On a scorching day in July 2019, sweating and shaking with nerves, I knocked on the door of an immaculate house in Staten Island, New York. A sweet-faced young woman opened it, eyeing me curiously. I took a deep breath and launched into my script.

“If you had two minutes to tell President Trump about the job he’s doing, what would you say?” I asked. She had voted for Trump, she told me, but didn’t like the callous way he treated people. On a scale from zero to ten—where zero meant she would definitely vote Republican and ten meant definitely Democrat—she put herself at a three.

“When I vote,” I said, “it’s a political act, but it’s also personal, a gift to someone I love.” I told a story about a teenager I had mentored in a writing program. I loved her for her brilliance and talent, and also for her willingness to resolve the initial conflicts between us. “I’m curious,” I went on. “Does this make you think of someone you love?” She wouldn’t discuss a particular person but said she wanted her gay friends to be free to live as they chose. When I pointed out that she and I shared a value of caring about others—a value that the president’s behavior rarely displays—she moved from a 3 to a 5.

This exchange was my first experience of “deep canvassing,” a method of voter outreach that aims to bypass political speech by connecting with people emotionally and engaging with their sense of ethics. It’s based on the principle that facts and opinions don’t change people’s minds, values do.
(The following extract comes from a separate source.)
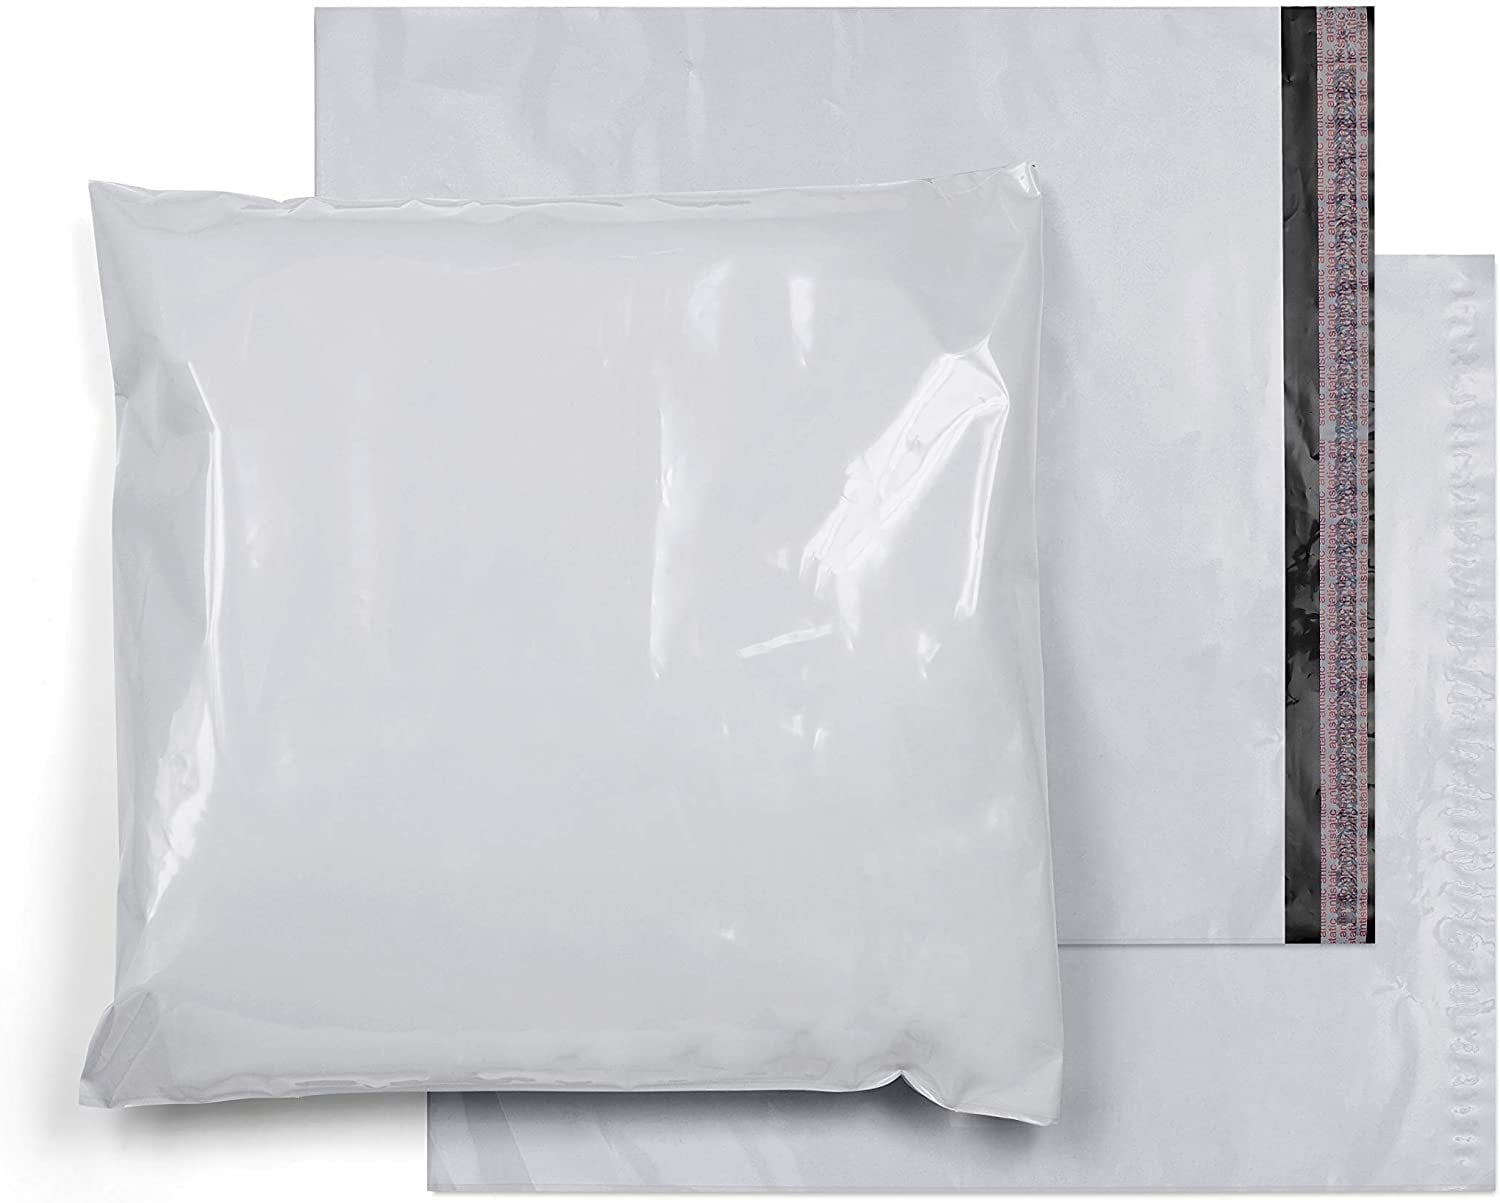 Secure Seal by Shipping Depot 10 Pack of 24x24 White Poly Mailers Self Sealing Envelope Plastic Bags 24”x24” #9 
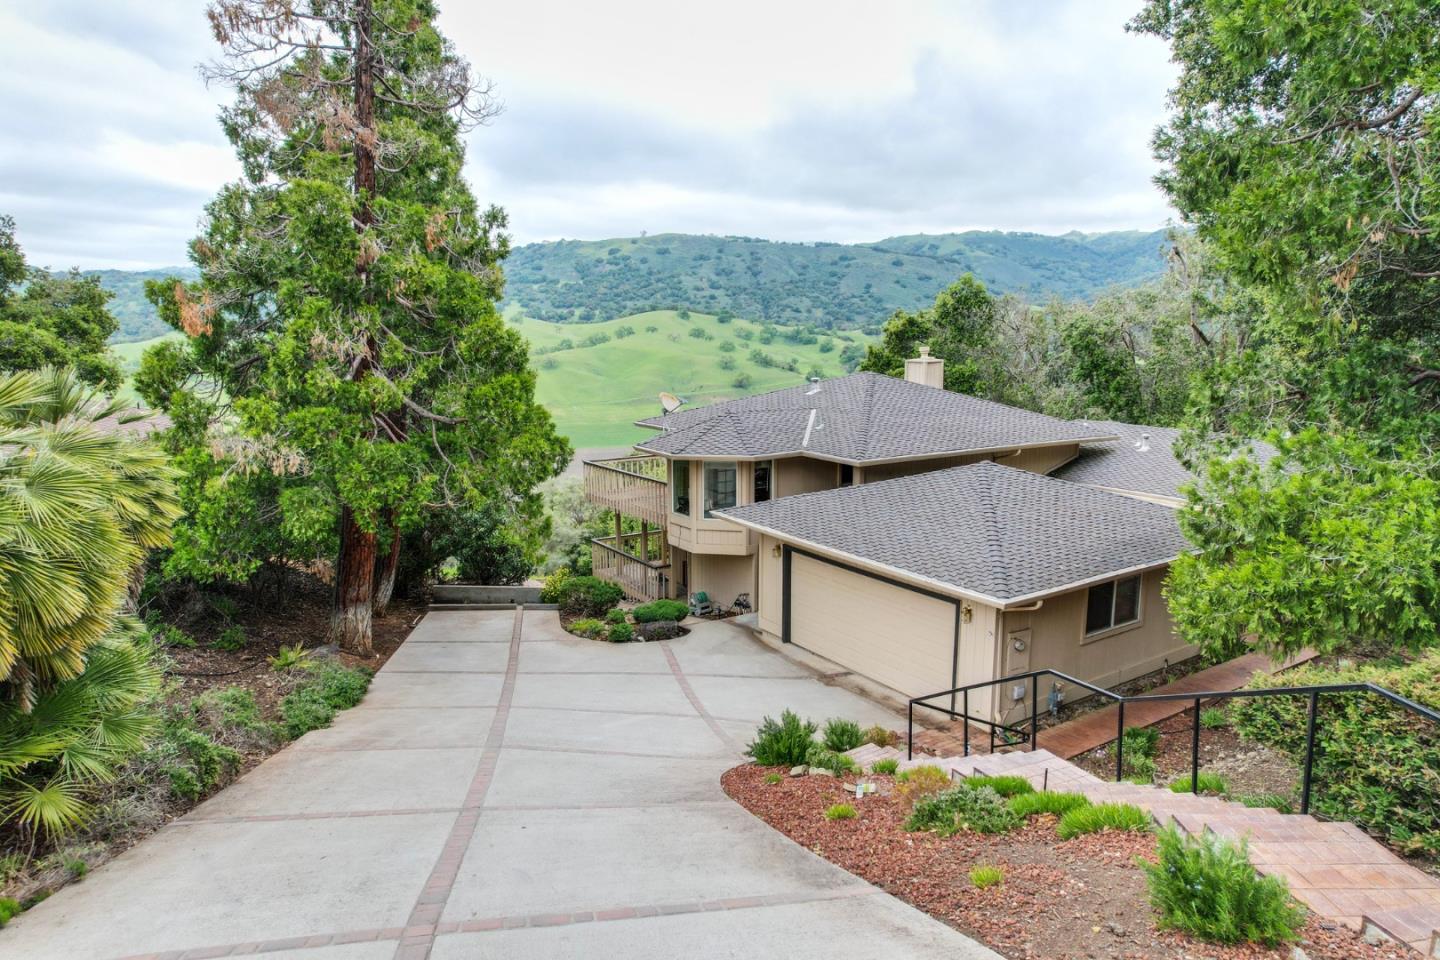 Photo of 17600 Holiday Dr in Morgan Hill, CA

I’d finally found a form of political action that matched my own convictions. For the past twenty years, I’ve practiced vipassana, or Insight Meditation. Since the 1960s, I have also participated in political action—marches against the Vietnam War, demonstrations toward a more sustainable climate future, and protests against the war in Iraq. But by the time of the Iraq War, I’d become uncomfortable with angry chanting and strident rhetoric demonizing political enemies, which felt at odds with the shift in thinking about dealing with conflict brought about by my Buddhist practice. I’m absolutely anti-Trump, but I don’t want to hate Trump voters. I want to understand them. And it was now clear to me that not only did anger feel wrong, it was also an ineffective strategy in a country so divided.

While texting for Democratic candidates before the 2018 midterms, I had an exchange with a woman in Michigan that made me wish I could dialogue with Trump supporters and learn how they thought. So when I heard about deep canvassing in spring 2019, I jumped at it. Once I began knocking on doors and talking to voters, I began to realize how similar it was to some of the mental training I was doing in meditation. 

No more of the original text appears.